Since ask posts are more likely to receive comments, I'll focus my remaining analysis just on these posts. I'll determine if ask posts created at a certain *time* are more likely to attract comments.

In [20]:
import datetime as dt
result_list = []

for row in ask_posts:
    result_list.append([row[6],int(row[4])])
    
print(result_list[:3])

[['8/16/2016 9:55', 6], ['11/22/2015 13:43', 29], ['5/2/2016 10:14', 1]]


In [34]:
counts_by_hour = {}
comments_by_hour = {}

for row in result_list:
    hour = dt.datetime.strptime(row[0], '%m/%d/%Y %H:%M').strftime('%H')
    if hour in counts_by_hour:
        counts_by_hour[hour] += 1
        comments_by_hour[hour] += row[1]
    else:
        counts_by_hour[hour] = 1
        comments_by_hour[hour] = row[1]
        
print(counts_by_hour)
print(comments_by_hour)

{'23': 68, '00': 55, '22': 71, '09': 45, '21': 109, '17': 100, '07': 34, '19': 110, '02': 58, '06': 44, '11': 58, '01': 60, '08': 48, '13': 85, '10': 59, '20': 80, '04': 47, '16': 108, '18': 109, '15': 116, '03': 54, '14': 107, '05': 46, '12': 73}
{'23': 543, '00': 447, '22': 479, '09': 251, '21': 1745, '17': 1146, '07': 267, '19': 1188, '02': 1381, '06': 397, '11': 641, '01': 683, '08': 492, '13': 1253, '10': 793, '20': 1722, '04': 337, '16': 1814, '18': 1439, '15': 4477, '03': 421, '14': 1416, '05': 464, '12': 687}


In [36]:
avg_by_hour = []

for hour in counts_by_hour:
    avg_by_hour.append([hour,comments_by_hour[hour]/counts_by_hour[hour]])
    
print(avg_by_hour)

[['23', 7.985294117647059], ['00', 8.127272727272727], ['22', 6.746478873239437], ['09', 5.5777777777777775], ['21', 16.009174311926607], ['17', 11.46], ['07', 7.852941176470588], ['19', 10.8], ['02', 23.810344827586206], ['06', 9.022727272727273], ['11', 11.051724137931034], ['01', 11.383333333333333], ['08', 10.25], ['13', 14.741176470588234], ['10', 13.440677966101696], ['20', 21.525], ['04', 7.170212765957447], ['16', 16.796296296296298], ['18', 13.20183486238532], ['15', 38.5948275862069], ['03', 7.796296296296297], ['14', 13.233644859813085], ['05', 10.08695652173913], ['12', 9.41095890410959]]


In [40]:
import pprint
pprint.pprint(sorted(avg_by_hour))

[['00', 8.127272727272727],
 ['01', 11.383333333333333],
 ['02', 23.810344827586206],
 ['03', 7.796296296296297],
 ['04', 7.170212765957447],
 ['05', 10.08695652173913],
 ['06', 9.022727272727273],
 ['07', 7.852941176470588],
 ['08', 10.25],
 ['09', 5.5777777777777775],
 ['10', 13.440677966101696],
 ['11', 11.051724137931034],
 ['12', 9.41095890410959],
 ['13', 14.741176470588234],
 ['14', 13.233644859813085],
 ['15', 38.5948275862069],
 ['16', 16.796296296296298],
 ['17', 11.46],
 ['18', 13.20183486238532],
 ['19', 10.8],
 ['20', 21.525],
 ['21', 16.009174311926607],
 ['22', 6.746478873239437],
 ['23', 7.985294117647059]]


In [44]:
swap_avg_by_hour = []
for row in avg_by_hour:
    swap_avg_by_hour.append([row[1],row[0]])

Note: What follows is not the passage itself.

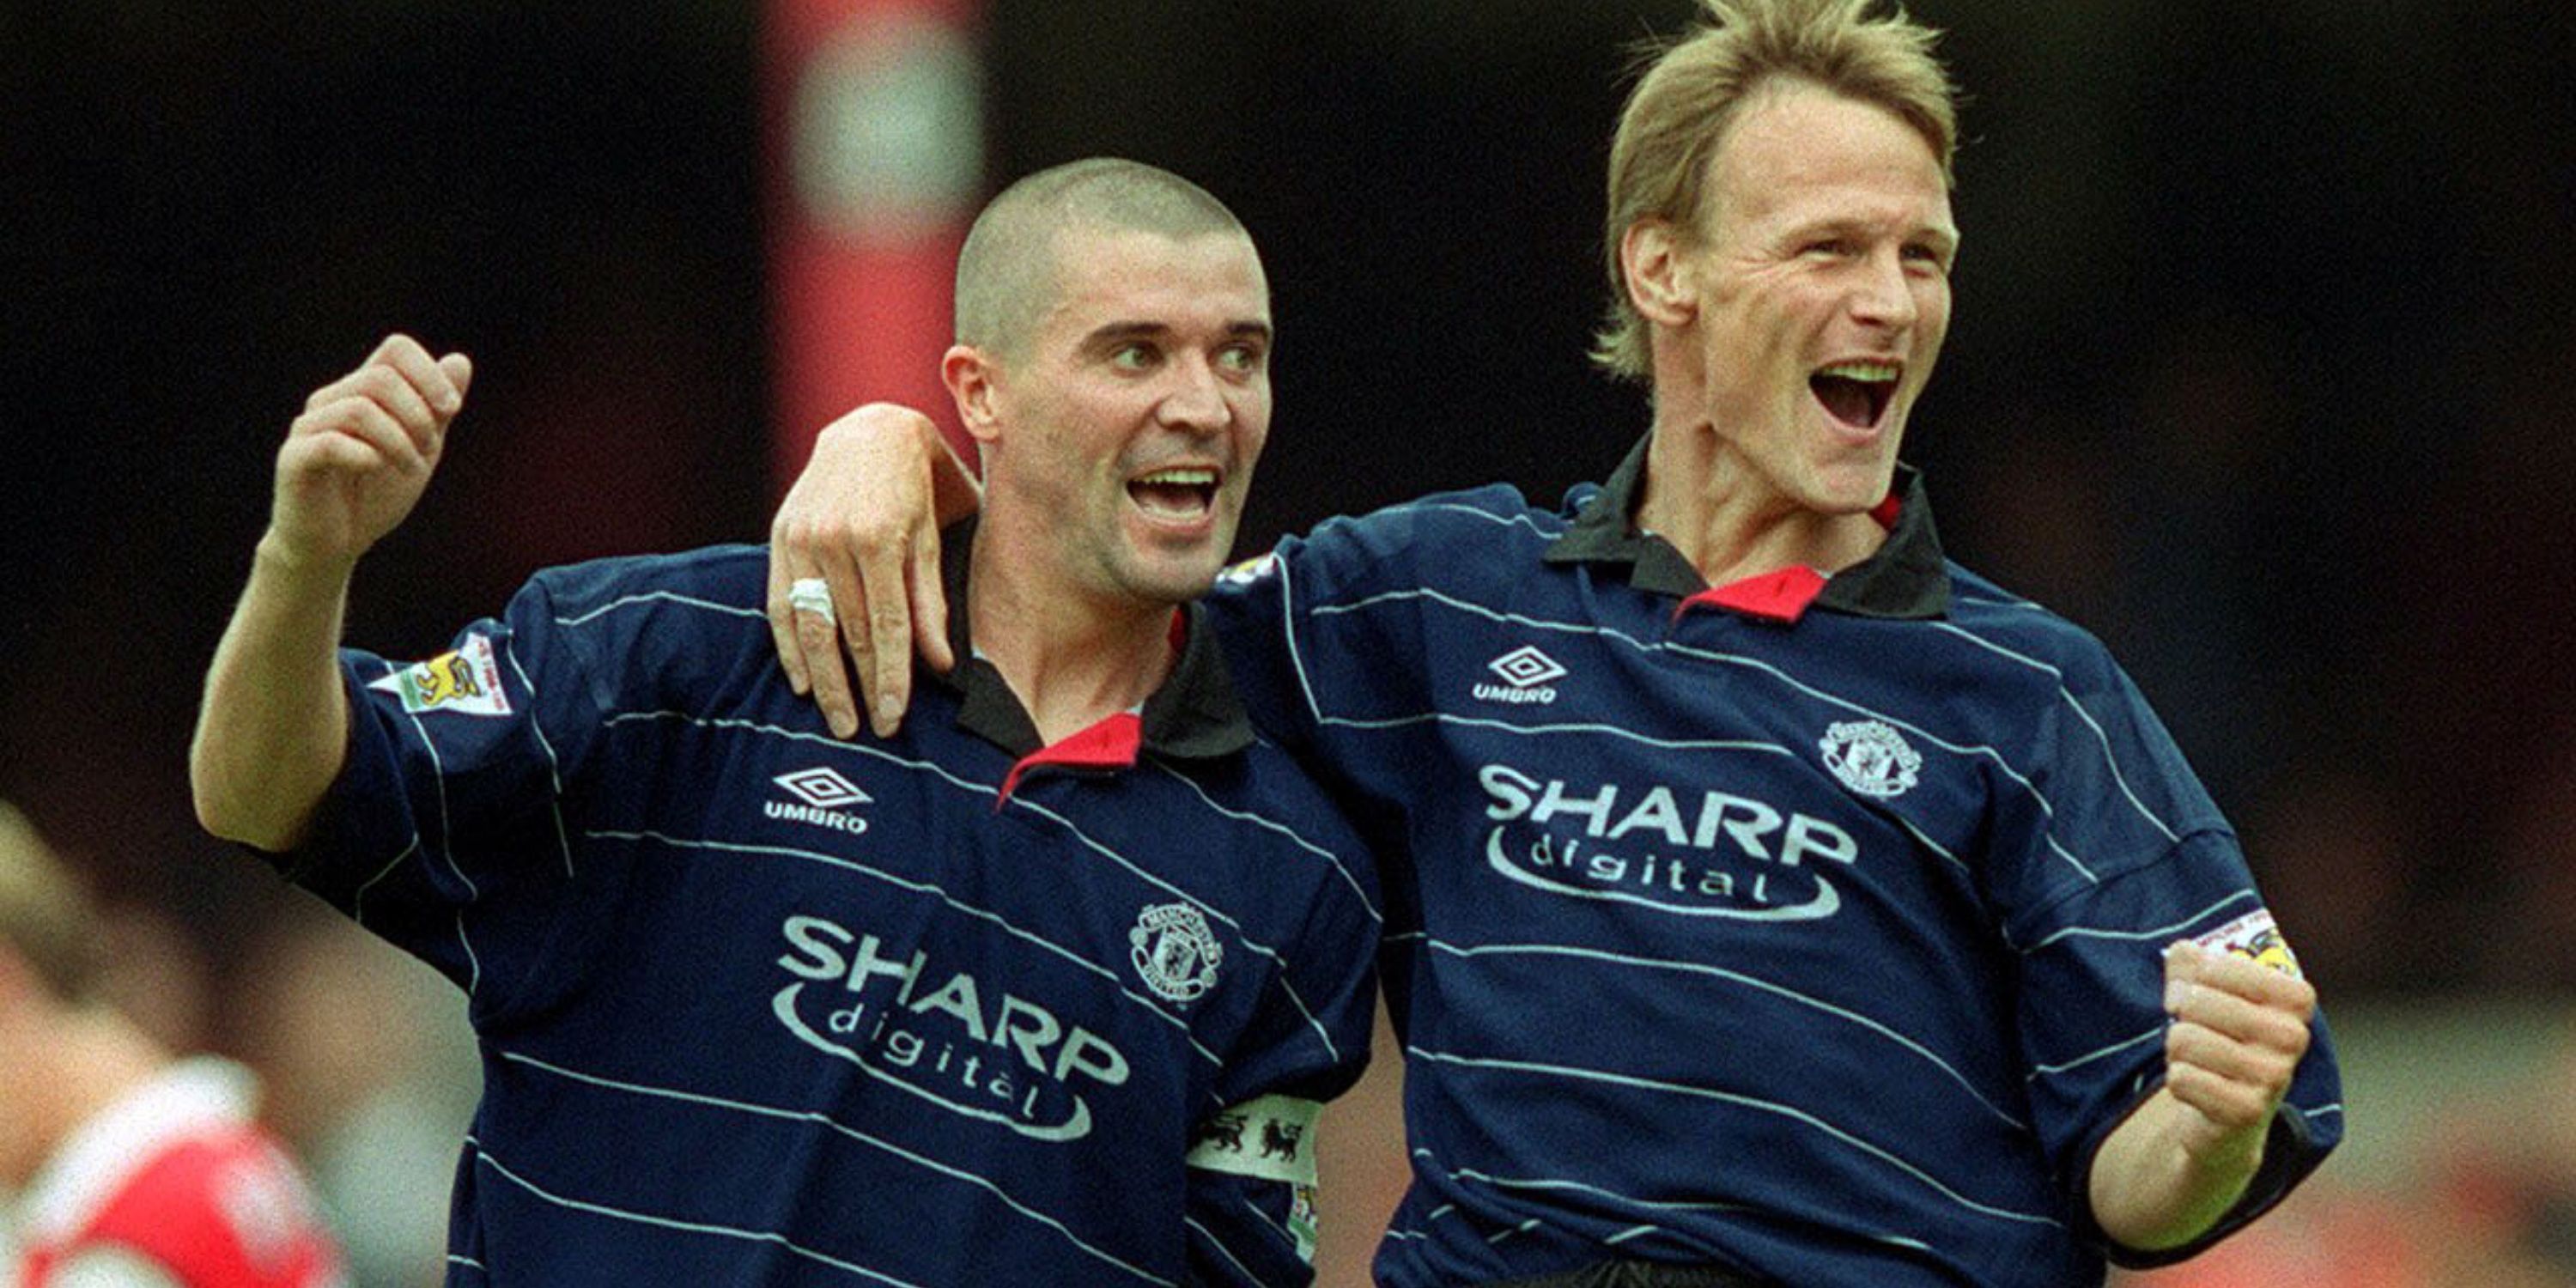 Man Utd: Roy Keane and Terry Sheringham's bust-up that stopped them speaking for 3.5 years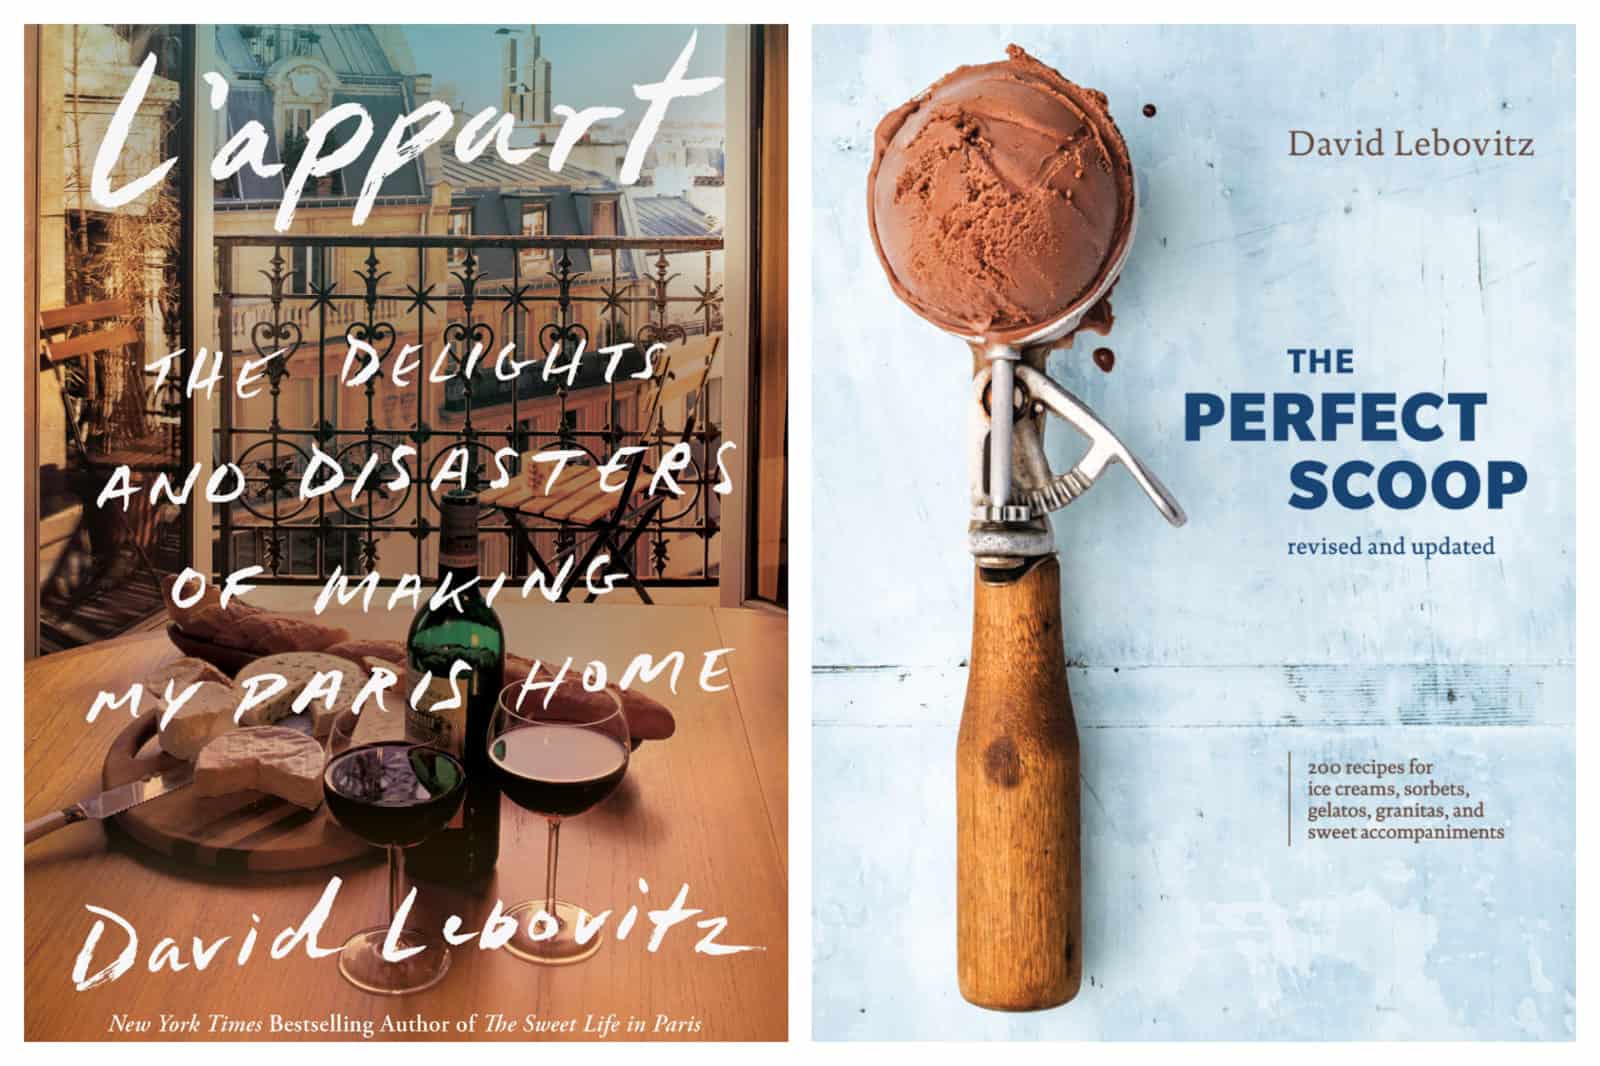 Author David Lebovitz's books about living in Paris are among our favorites, including 'L'Appart, the Delights and Disaster of Making Paris My Home' (left). And 'The Perfect Scoop' that has 200 recipes for ice cream and sorbets (right).

sorted_swap = sorted(swap_avg_by_hour,reverse=True)
pprint.pprint(sorted_swap)

[[38.5948275862069, '15'],
 [23.810344827586206, '02'],
 [21.525, '20'],
 [16.796296296296298, '16'],
 [16.009174311926607, '21'],
 [14.741176470588234, '13'],
 [13.440677966101696, '10'],
 [13.233644859813085, '14'],
 [13.20183486238532, '18'],
 [11.46, '17'],
 [11.383333333333333, '01'],
 [11.051724137931034, '11'],
 [10.8, '19'],
 [10.25, '08'],
 [10.08695652173913, '05'],
 [9.41095890410959, '12'],
 [9.022727272727273, '06'],
 [8.127272727272727, '00'],
 [7.985294117647059, '23'],
 [7.852941176470588, '07'],
 [7.796296296296297, '03'],
 [7.170212765957447, '04'],
 [6.746478873239437, '22'],
 [5.5777777777777775, '09']]


In [49]:
print('Top 5 Hours for Ask Posts Comments')

for row in sorted_swap[0:5]:
    print('{time}: {avg:.2f} average comments per post'.format(time=dt.datetime.strptime(row[1],'%H').strftime('%I %p'),avg=row[0]))

Top 5 Hours for Ask Posts Comments
03 PM: 38.59 average comments per post
02 AM: 23.81 average comments per post
08 PM: 21.52 average comments per post
04 PM: 16.80 average comments per post
09 PM: 16.01 average comments per post


## Conclusion
The hour that received the most average comments in at around 3 PM, with about 38.59 comments on average per post. To maximize the number of comments per post, I recommend posting an ask post around 3 PM.